Homeland Security secretary Kristjen Nielsen. Photo: Alex Wong/Getty Images
Secretary of Homeland Security Kristjen Nielsen faced a mini-firestorm after her interview at the Aspen Security Forum Thursday: Some listeners (and news coverage) understandably but inaccurately saw her as contesting that Russia's 2016 election-tampering was meant to help the Trump campaign.
Between the lines: Nielsen danced around providing a clear soundbite to that effect — though she did say she agreed with the intelligence assessment saying exactly that. But much of the criticism she faced is based on misunderstandings of security jargon that the Aspen audience would know.
What she said, part one: “I haven’t seen any evidence that the attempt to interfere in our election infrastructure was to favor a particular political party,”
What that means: The key word here is "infrastructure."
- The Department of Homeland Security uses "election infrastructure" to refer to the voter databases and machines controlled by states.
- The DHS website specifically reads: "Election Infrastructure does not include: Political action committees[,] Campaigns[,] Or any other non-state or local government election related group."
- What Nielsen is saying is that attacks on voter databases that happened in Arizona and Illinois were likely not meant to favor either party. There's no public evidence now that any attack on voter databases was meant to favor a political party.
- The attacks on the Democratic National Committee and other political targets, social media campaigns and propaganda efforts are not included in that statement. And it's the propaganda and leaked emails that most clearly benefitted Trump.
What she said, part two: "What we’ve seen on the foreign influence side is they were attempting to intervene and cause chaos on both sides."
What that means: In context, "foreign influence" refers to social media campaigns.
- Nielsen followed that line by citing the massive Russian bot efforts on the subjects of Charlottesville and Syria as examples of campaigns meant to "sow discord and get us all to fight against each other."
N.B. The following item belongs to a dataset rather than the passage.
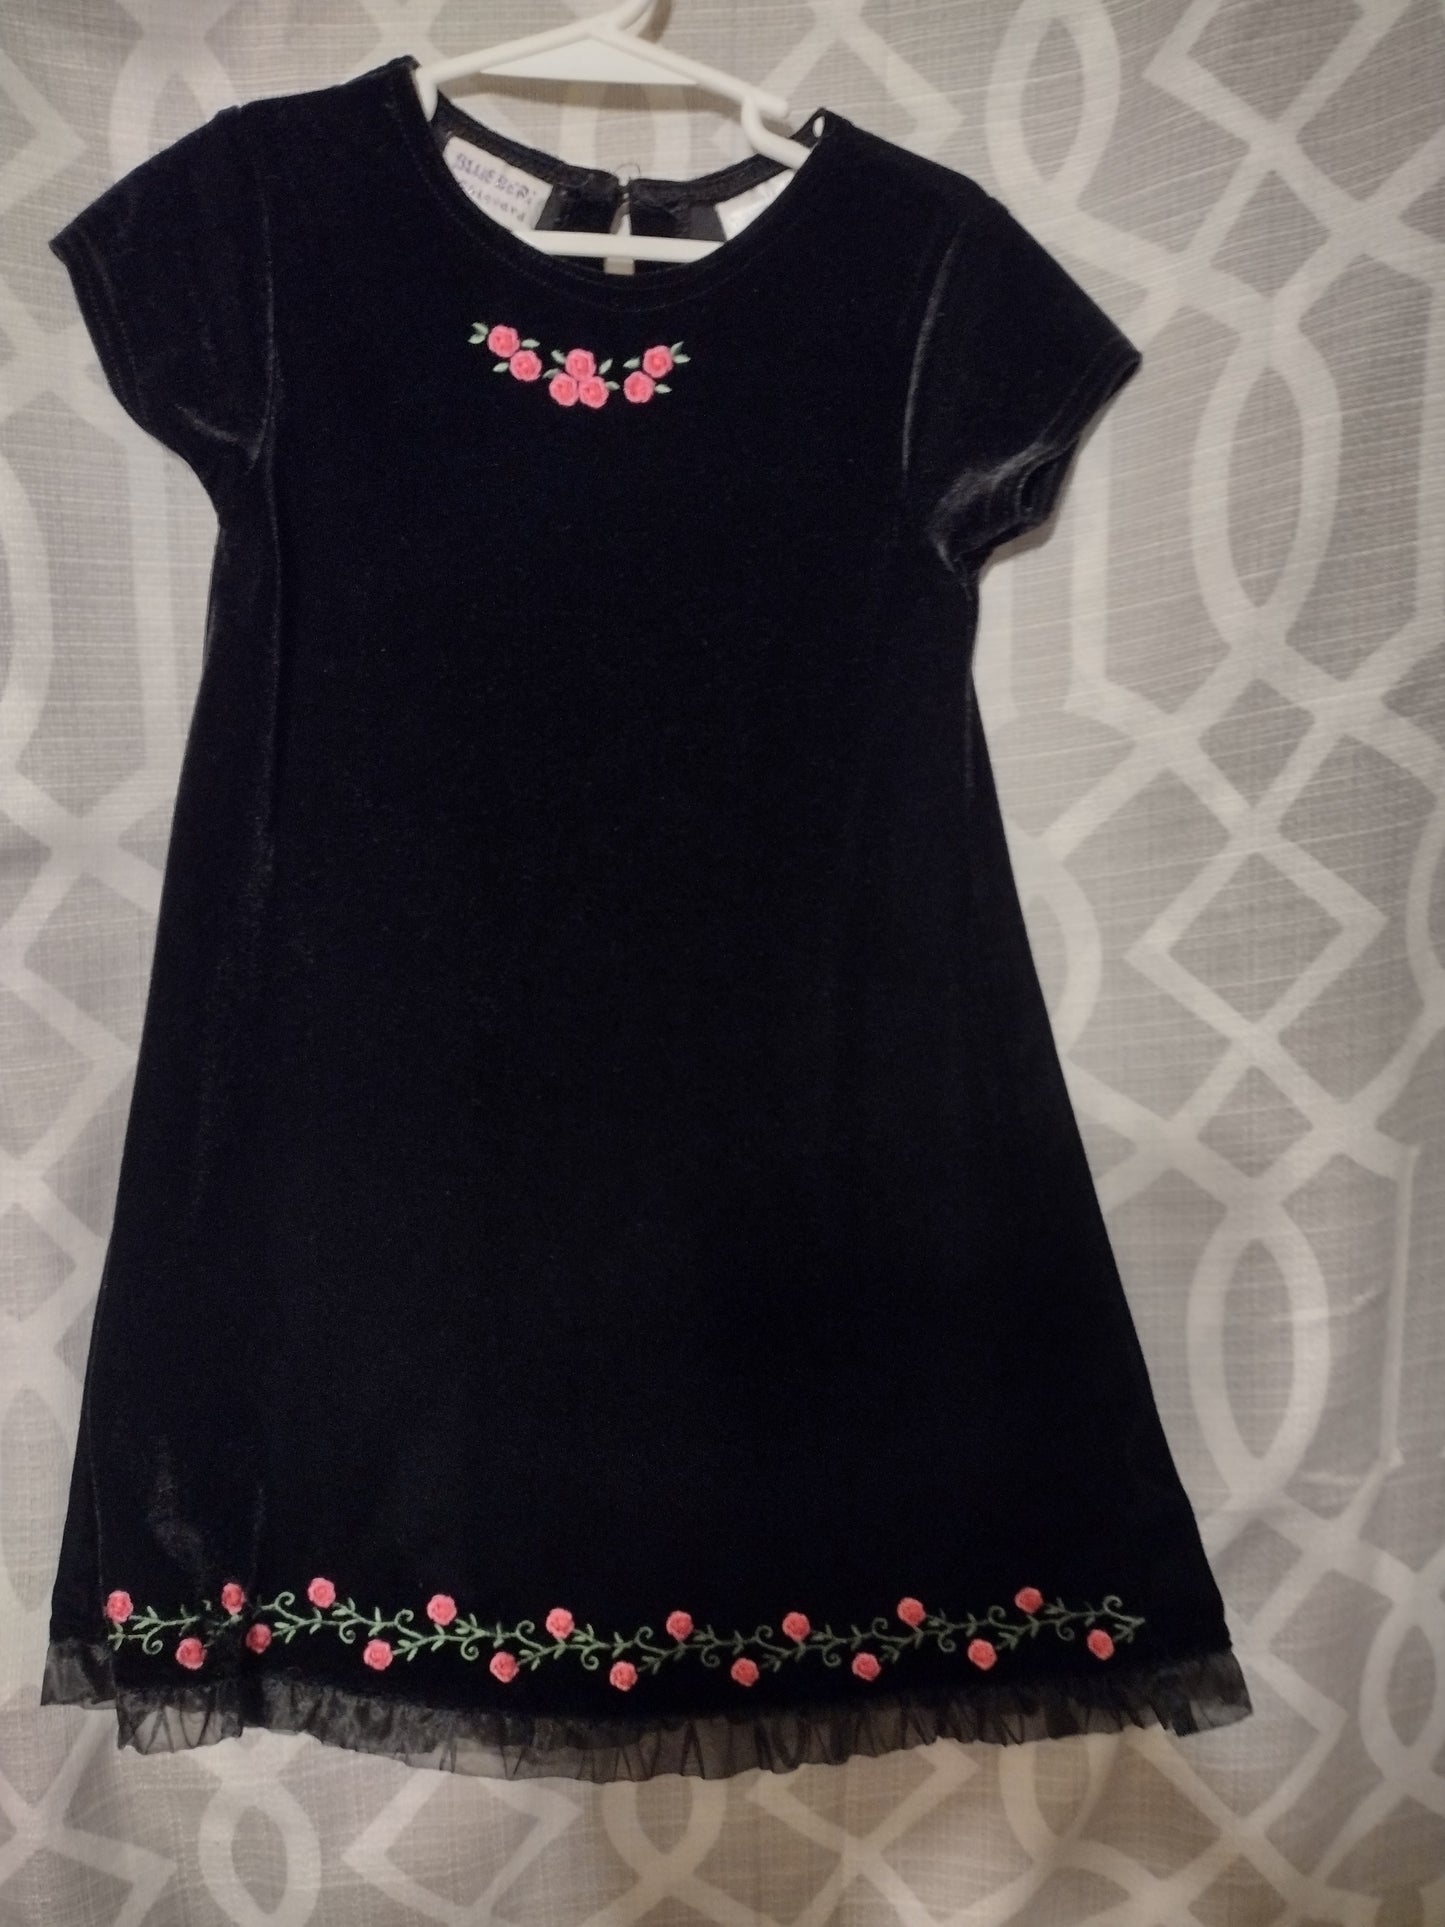 Toddler girl black velvet dress size 5
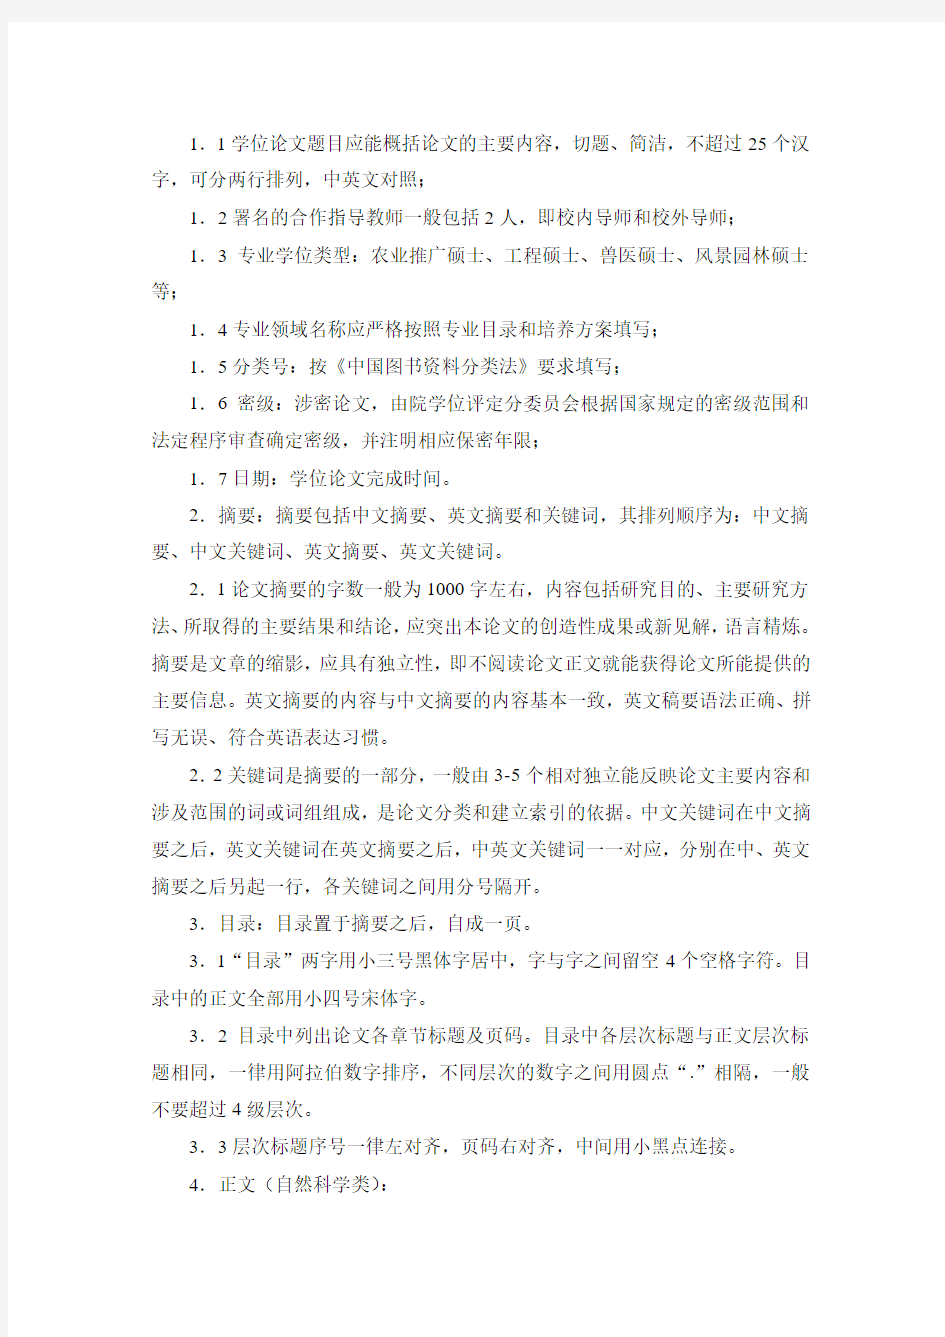 华南农业大学专业学位研究生学位论文撰写规范(试行稿)(2009年11月)

- While there isn't public evidence showing Charlottesville campaigns targeting both sides of the debate (private researchers largely found evidence of a pro-right wing campaign), it's clear Nielsen is discussing the broader issue of social media.
- Russian-sponsored Facebook ads did target both sides during the election to further divide Americans.
None of this means DHS doesn't see Russian activity. Law enforcement and intelligence agencies — including DHS — agree that Russian information attacks on social media are continuing. It's just that DHS isn't seeing an attack on the infrastructure that allows elections to move forward.